# Guide bushing for Brusso templates



## HawaiiBob (Dec 2, 2013)

I am considering using Brusso hinges on a few projects and have some questions regarding the use of their installation templates.

I believe that their templates are made of 1/8" brass.

The instructions contain the following:

_shorten the bushing to protrude from the bottom of the router base by slightly less than 1/8"_

Since none of my bushings are that short, 

should I buy a new bushing and modify it as per the instructions or

could I just make a spacer (of maybe MDF and the size of the router base) to go over the standard bushing and of a thickness to achieve the same result.

Thanks in advance


----------



## jw2170 (Jan 24, 2008)

That should work, Bob.

You are effectively dropping the guide bushing deeper into the base plate.


----------



## HawaiiBob (Dec 2, 2013)

Thanks James
I did not think it would be an issue and being a tight-arse, the spacer is the cheaper way out.


----------



## Quillman (Aug 16, 2010)

"I just make a spacer (of maybe MDF and the size of the router base) to go over the standard bushing and of a thickness to achieve the same result."
*************************
I don't think so unless the first ring is = 1/8 or less.
Would definitely get a new ring and grind it down to their specks.


----------



## jw2170 (Jan 24, 2008)

Hi Pat,

I am familiar with your method, and in fact recommended that method in a recent post.

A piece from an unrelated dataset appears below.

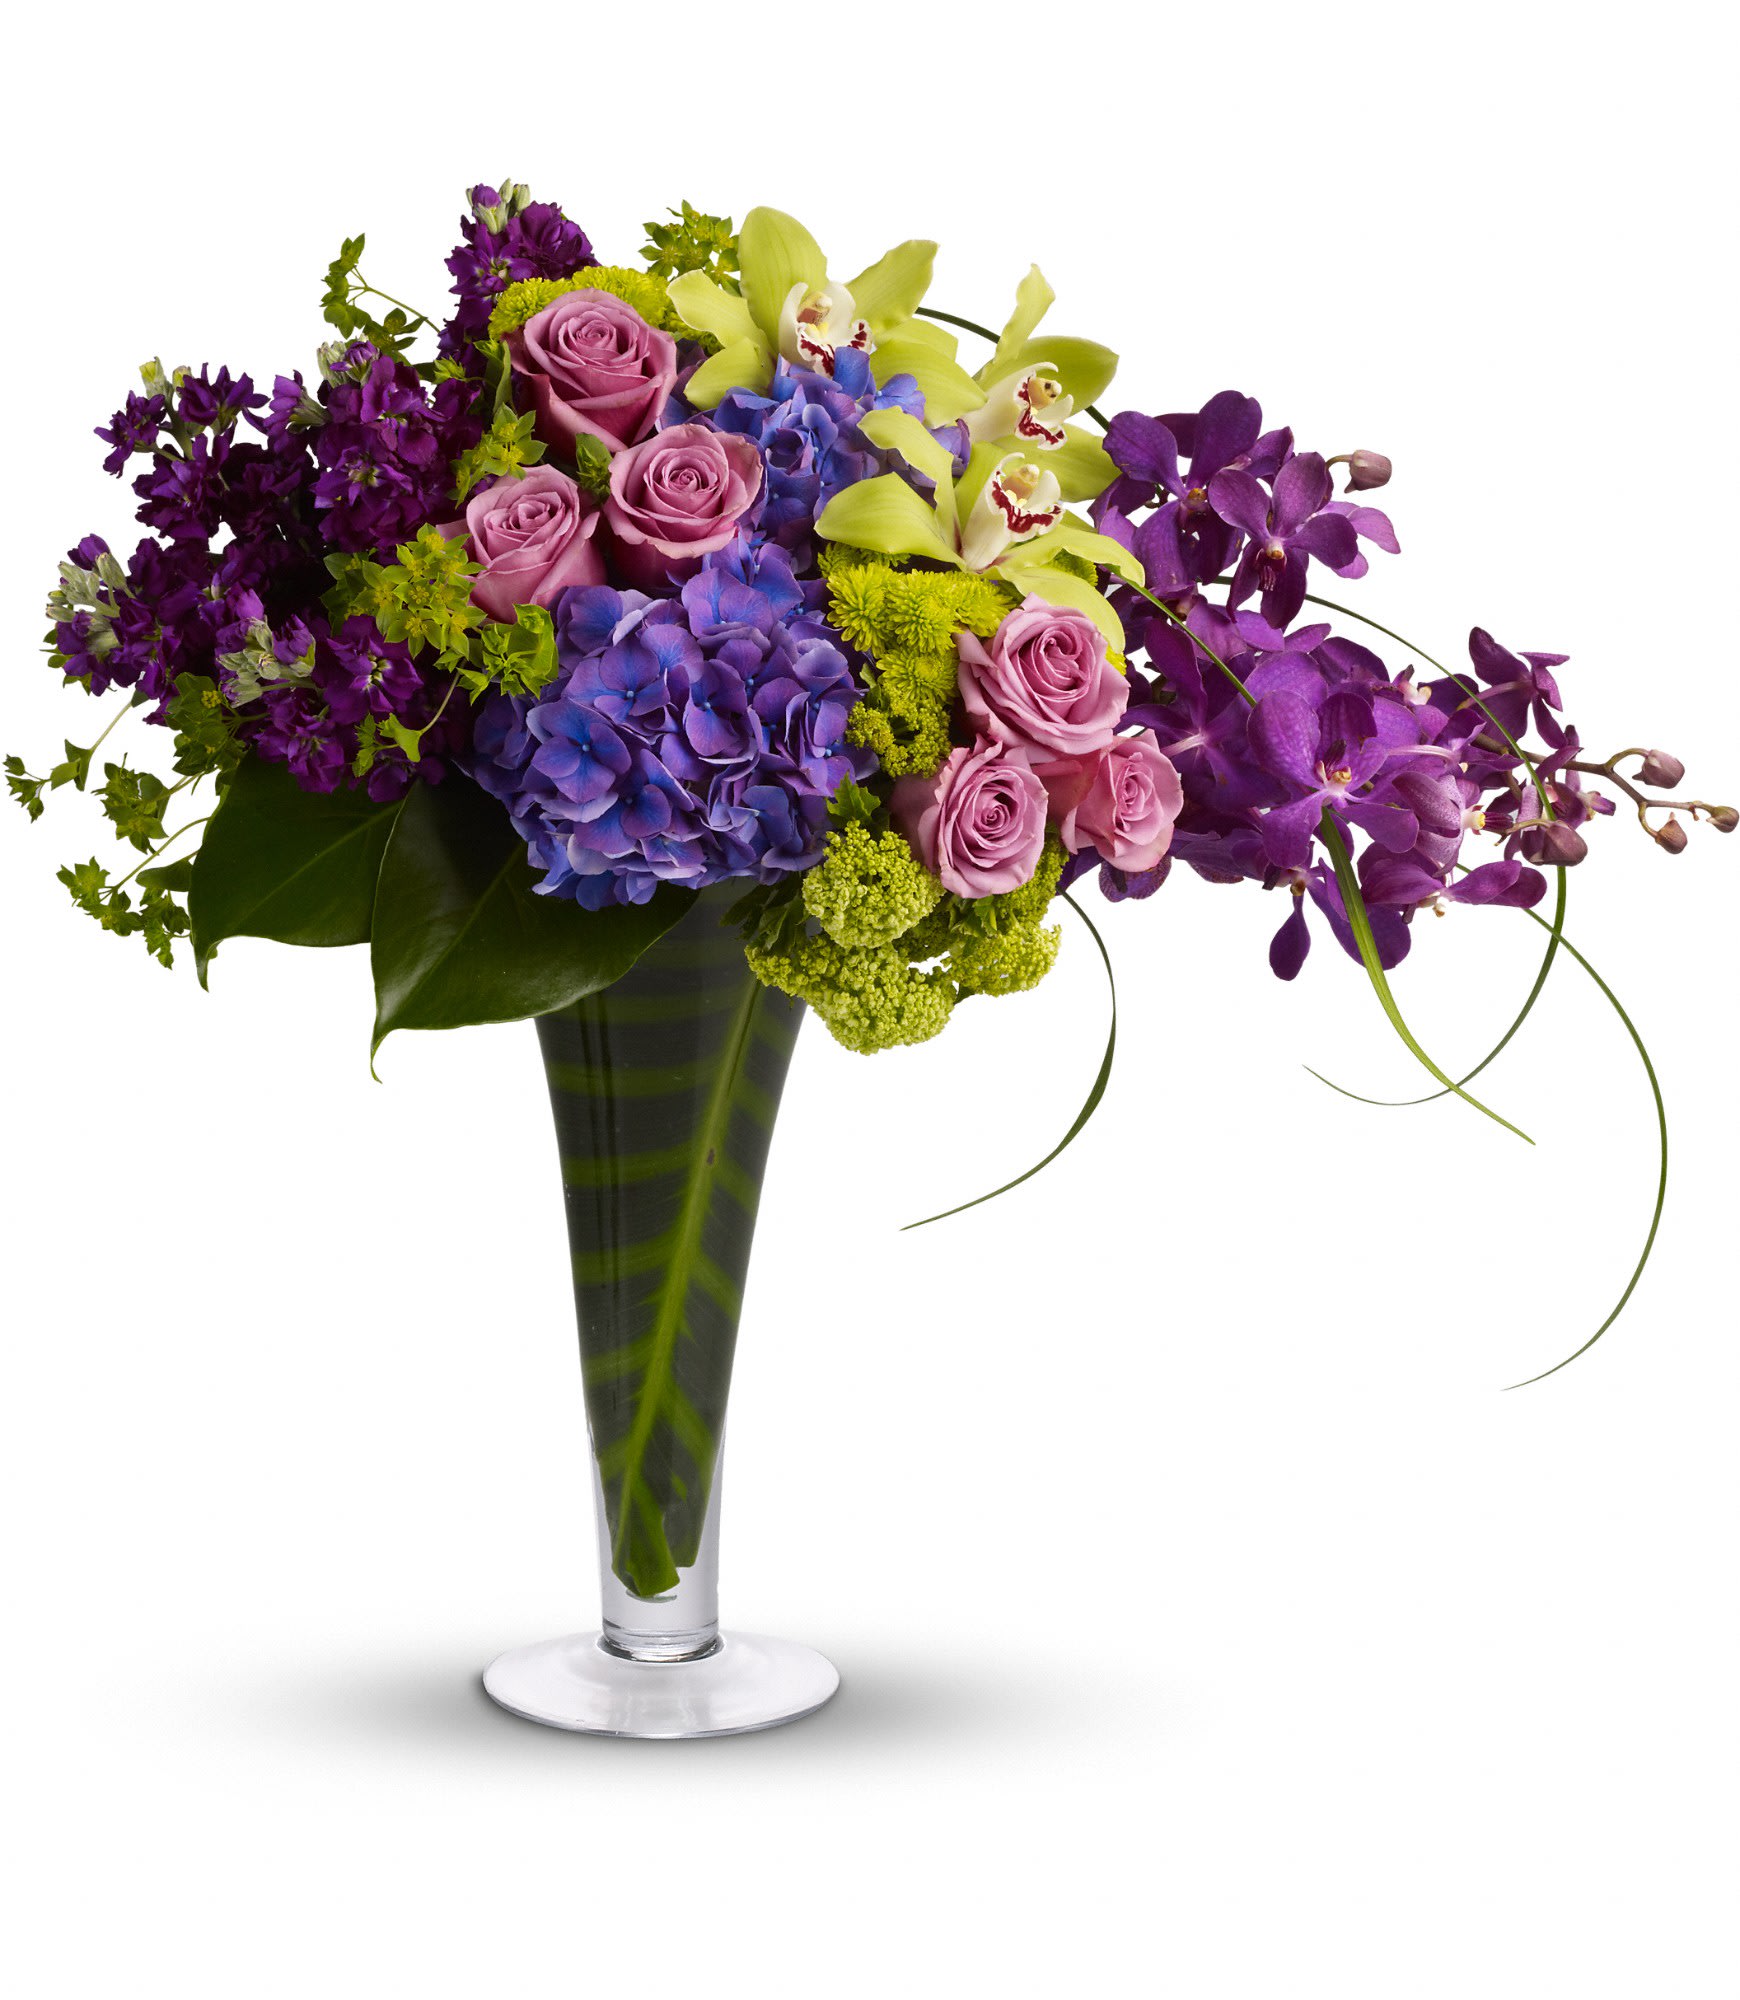 Sada's Flowers - Culver City, CA, US, wholesale flowers online

However, I am not sure why the OP's solution would only work if "the first ring is = 1/8 or less"?


----------



## Quillman (Aug 16, 2010)

Longer extension, probably longer than the templet is thick?
In that event, it won't work; it will hit the work.


----------



## jw2170 (Jan 24, 2008)

Thanks Pat. I re-read the OP and the penny dropped....

If the template is only 1/8", a very short guide bushing will be required...


----------



## HawaiiBob (Dec 2, 2013)

So why would a spacer the size of the router base and thick enough to only allow the guide bushing to protrude through it less than the thickness of the template NOT work?


----------



## Quillman (Aug 16, 2010)

Most (PC/DW) collars are flanged and sit in the couterbore on the work side of the subbase, example..
As such, a spacer, as you suggest does nothing.


----------



## HawaiiBob (Dec 2, 2013)

Pat, If the 'spacer' is between the router base and the work, and only allowing the guide bushing to protrude the required amount, please explain how that would not work.


----------



## Quillman (Aug 16, 2010)

That is Kosher, but fixturing for that does take some time, care and respect for safety.
Much easier, on the face of it, to grind a 4$ ring to 1/8".


----------



## jw2170 (Jan 24, 2008)

Hi Bob,

While your method will work, and I have agreed, Pat is correct in advising that the time and effort spent trying to get an overlay base plate to exactly the correct thickness is not productive.

I answered your question. "....could I just make a spacer (of maybe MDF and the size of the router base) to go over the standard bushing...." in the affirmative but you had not asked "is there another easy way I could achieve this"....Which I should have asked....

IMO, both ways will work, but one method is easier than the other. :yes4:

I needed a shortened guide bush to use on a dovetail jig and a member from the Strathfield Men's Shed just cut it down on a metal lathe......


----------